Miss Milroy made a little grimace, implying supreme indifference to Midwinter, and saucy surprise at Allan's earnest advocacy of the merits of his friend. "Has he got nothing more interesting to say to me than that," she wondered, privately, "after kissing my hand twice yesterday morning?"

They were all in the major's workroom before Allan had the chance of trying a more attractive subject. There, on the top of a rough wooden case, which evidently contained the machinery, was the wonderful clock. The dial was crowned by a glass pedestal placed on rock-work in carved ebony; and on the top of the pedestal sat the inevitable figure of Time, with his everlasting scythe in his hand. Below the dial was a little platform, and at either end of it rose two miniature sentry-boxes, with closed doors. Externally, this was all that appeared, until the magic moment came when the clock struck twelve noon.

It wanted then about three minutes to twelve; and Major Milroy seized the opportunity of explaining what the exhibition was to be, before the exhibition began.

"At the first words, his mind fell back again into its old absorption over the one employment of his life. He turned to Midwinter (who had persisted in talking all the way from the parlor, and who was talking still) without a trace left in his manner of the cool and cutting composure with which he had spoken but a few minutes before. The noisy, familiar man, who had been an ill-bred intruder in the parlor, became a privileged guest in the workshop, for there he possessed the all-atoning social advantage of being new to the performances of the wonderful clock.

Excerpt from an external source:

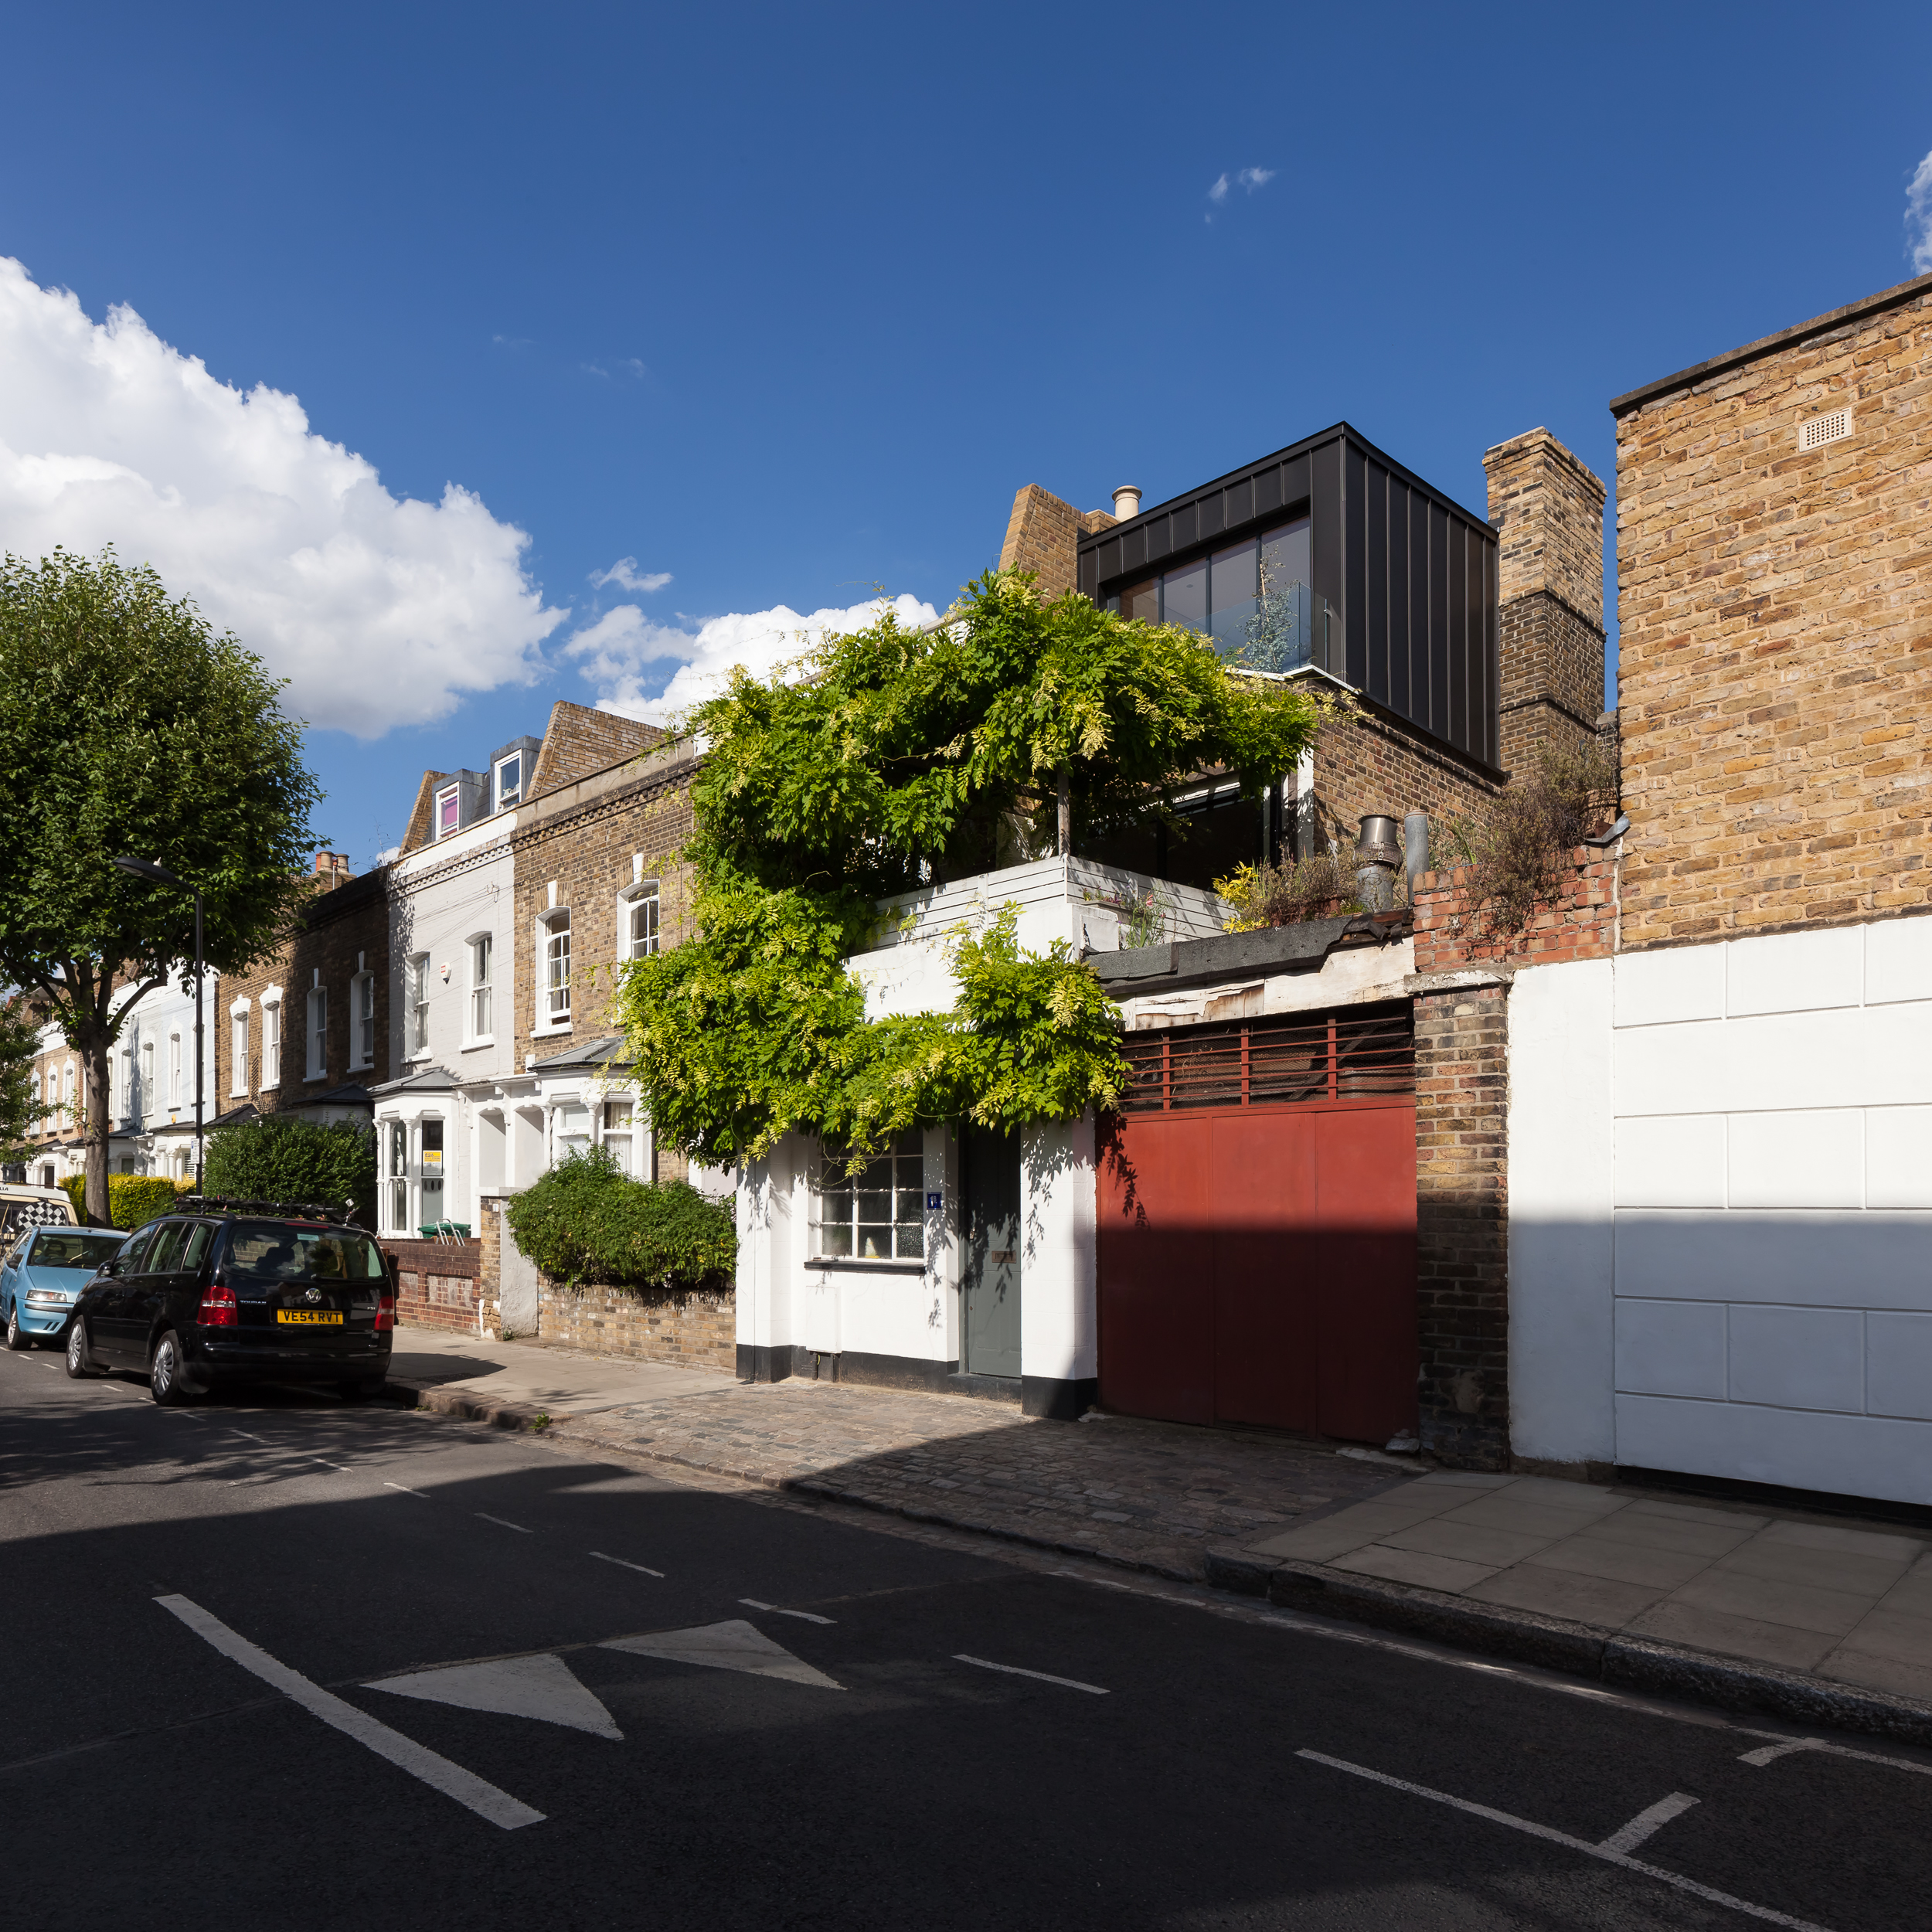 Pano_8577_8579-Edit - A+Architecture_Oldfield_Road.jpg

"At the first stroke of twelve, Mr. Midwinter," said the major, quite eagerly, "keep your eye on the figure of Time: he will move his scythe, and point it downward to the glass pedestal. You will next see a little printed card appear behind the glass, which will tell you the day of the month and the day of the week. At the last stroke of the clock, Time will lift his scythe again into its former position, and the chimes will ring a peal. The peal will be succeeded by the playing of a tune—the favorite march of my old regiment—and then the final performance of the clock will follow. The sentry-boxes, which you may observe at each side, will both open at the same moment. In one of them you will see the sentinel appear; and from the other a corporal and two privates will march across the platform to relieve the guard, and will then disappear, leaving the new sentinel at his post. I must ask your kind allowances for this last part of the performance. The machinery is a little complicated, and there are defects in it which I am ashamed to say I have not yet succeeded in remedying as I could wish. Sometimes the figures go all wrong, and sometimes they go all right. I hope they may do their best on the occasion of your seeing them for the first time."